Jeffrey Lichtman wrote:
That said, it seems reasonable to think that the optimizer should at
least consider doing a hash join on the subquery, in which case the
join between T2 and T3 could be materialized and then a hash-join
could be done using the predicate x1.j = t1.i.
I think the best thing would be to flatten the subquery into the outer
query so that the optimizer will see it as just another join.
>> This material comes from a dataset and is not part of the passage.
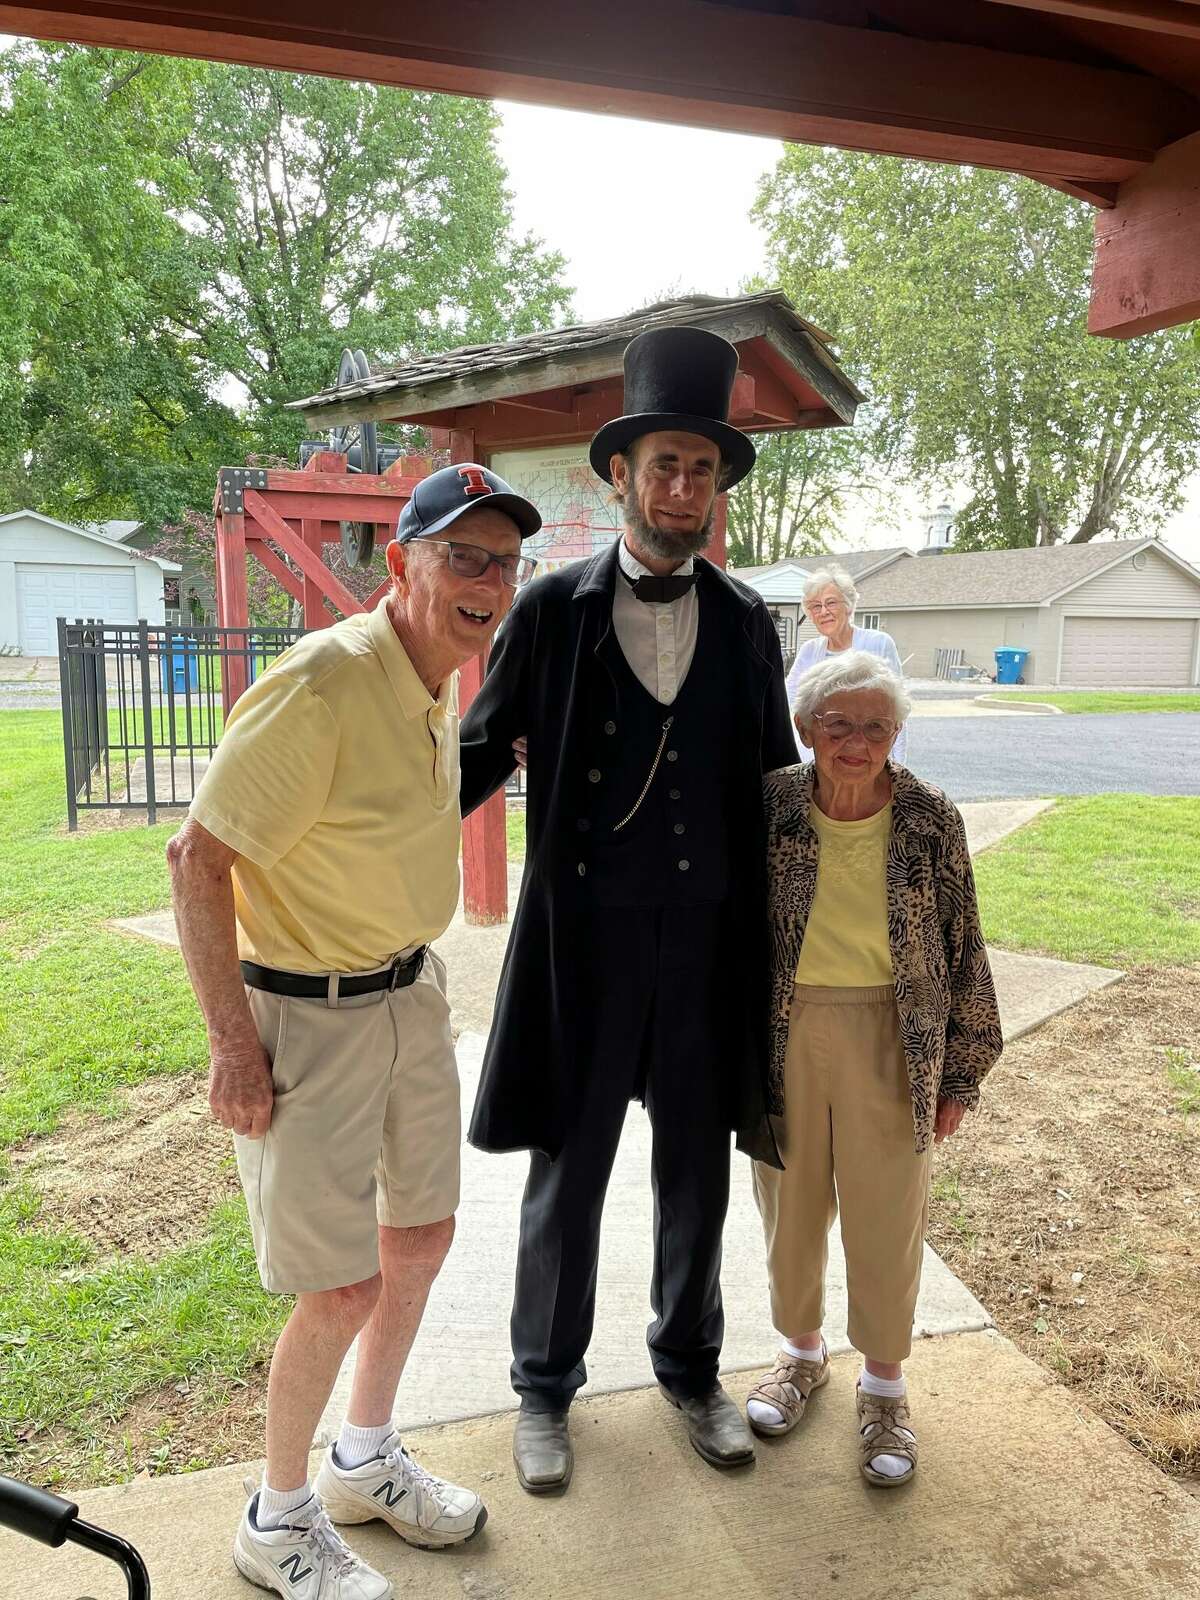 Former Glen Carbon Mayor Ron Foster, left, with his wife, Joan Foster, and an Abraham Lincoln re-enactor.

Based on logic in the code, the example query isn't flattenable. In
FromSubquery.preprocess(), there is a check to see if the subquery is flattenable:
/* Return if the FSqry is flattenable()
<snip>
*/
if ((gbl == null || gbl.size() == 0) &&
tableProperties == null &&
subquery.flattenableInFromSubquery(fromList))
{
...
}
"subquery" in the above code is a SelectNode, and the
flattenableInFromSubquery() method of SelectNode has the following:
...
if (this.fromList.size() > 1)
{
return false;
}
...
So the example subquery, which has two tables, isn't flattenable. Note that
even if it _was_ flattenable, the following code in TableOperatorNode.java will
still ultimately call extractSubquery:
leftResultSet = leftResultSet.preprocess(numTables, gbl, fromList);
/* If leftResultSet is a FromSubquery, then we must explicitly extract
* out the subquery (flatten it). (SelectNodes have their own
* method of flattening them.
*/
if (leftResultSet instanceof FromSubquery)
{
leftResultSet = <leftResultSet.extractSubquery(...)>
}
rightResultSet = rightResultSet.preprocess(numTables, gbl, fromList);
/* If rightResultSet is a FromSubquery, then we must explicitly extract
* out the subquery (flatten it). (SelectNodes have their own
* method of flattening them.
*/
if (rightResultSet instanceof FromSubquery)
{
rightResultSet = <rightResultSet.extractSubquery(...)>
}
So either way, we replace the FromSubquery w/ a PRN over a SelectNode, and hence
my earlier question.
Note also that the optimizer _does_ appear to consider this as "just another
join"--it has two optimizables, a FromBaseTable (T1) and a PRN (over the
subquery) and it's trying to find the right join order. What I was wondering is
why the optimizer doesn't ever consider a hash join in this case; the answer is
because the child of the PRN, which is a SelectNode, isn't an optimizable (as
per PRN.isMaterializable()).
That is, of course, just my understanding. Is there a different area that you
can think of where flattening should be occuring? Can you give more info about
where that flattening needs to be done?
BTW, in your example the subquery contains a Cartesian product. Is that
intentional?
Just an example ;)
Army